同じ成城大出身の女性シンガーでも数年後の児島未散と違います。この時代はまだ“カレッジ・アイドル”みたいな存在はなくて、竹内まりやの「ビギニング」のジャケットを見ても「えー」というくらいアメリカの土臭い女性歌手っぽかったです。

今考えると70年代後半期的なAORは洋楽中心で、日本のアダルト向き音楽は80年代後半になり都会文化が爛熟するまでリスナー層が育ってなかったのかもしれません。
Commented by kaz-shin at 2008-12-22 19:28
kotaroさん、こんばんは。コメントありがとうござます。
80年代の車に乗って80年代の音楽を聴く。
まさに最高の合法的トリップですね(笑)
確かに周りの景色は当時の面影が失われつつあったとしても、車内だけはあの頃に戻っているんですね。
読んでいて羨ましくなりました。
私は今時の車で、PCカードにmp3の音源を沢山詰めて聴くという今時の楽しみ方をしてますが、
音が出ればその間は至福の時に包まれます(笑)

70年代~80年代の音楽の面白さは、作り手(供給)側も聴き手側も互いに刺激し合って色んな音楽が登場した頃だと思っています。
多分、制作に関わるスタッフ陣にとっても楽しかった時代だったのではないかなと勝手に想像しています。

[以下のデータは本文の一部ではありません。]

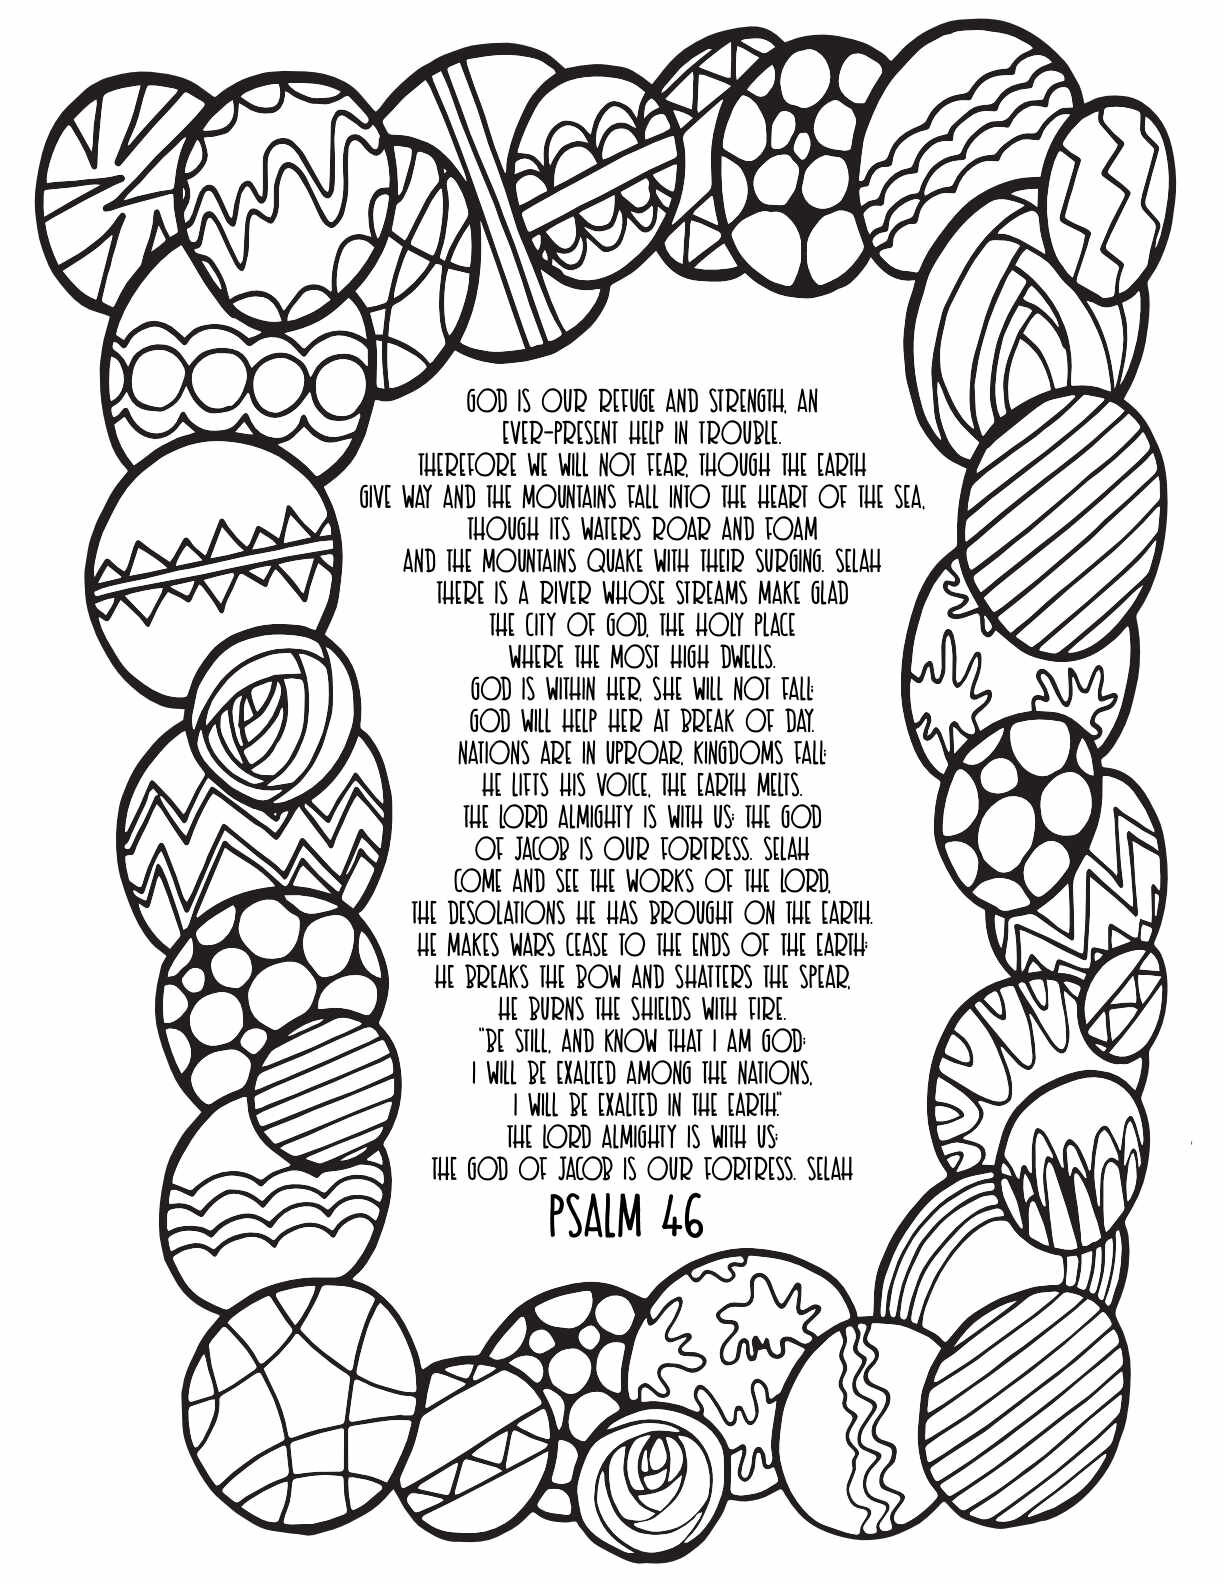 10 Free Printable Psalm Coloring Pages - Download and Color Adult Scripture - Psalm 46CLICK HERE TO DOWNLOAD THIS PAGE FREE

そんな雰囲気が音に現れていたような気がします。どうでしょう?
Commented by くんくんの父 at 2011-08-04 19:10 x
U-TA-GE、Natural Woman、CONTINENTALの3枚がオンデマンドCDとして発売されましたね。特にNatural Womanに収録されている#4サマーホテルを聴くと、大学に入りたての頃を思い出します。当時はレンタルレコード全盛期、テープも処分してしまったので、中古LPを何枚か購入して状態のよい部分を集めてデジタイズしていましたが、今回スクラッチノイズの無い音を楽しめるようになりました。
Commented by kaz-shin at 2011-08-07 22:40
くんくんの父さん、はじめまして。コメントありがとうございます。
レスが遅くなってしまい、失礼しました。すみません。
本当にオンデマンドCDというサービスは良いですね。
こんなマニアックなアルバムであっても商売として成り立つひとつの形ですからね。
まだ届いていませんが、『Natural Woman』をCDで聴くのがとても楽しみです。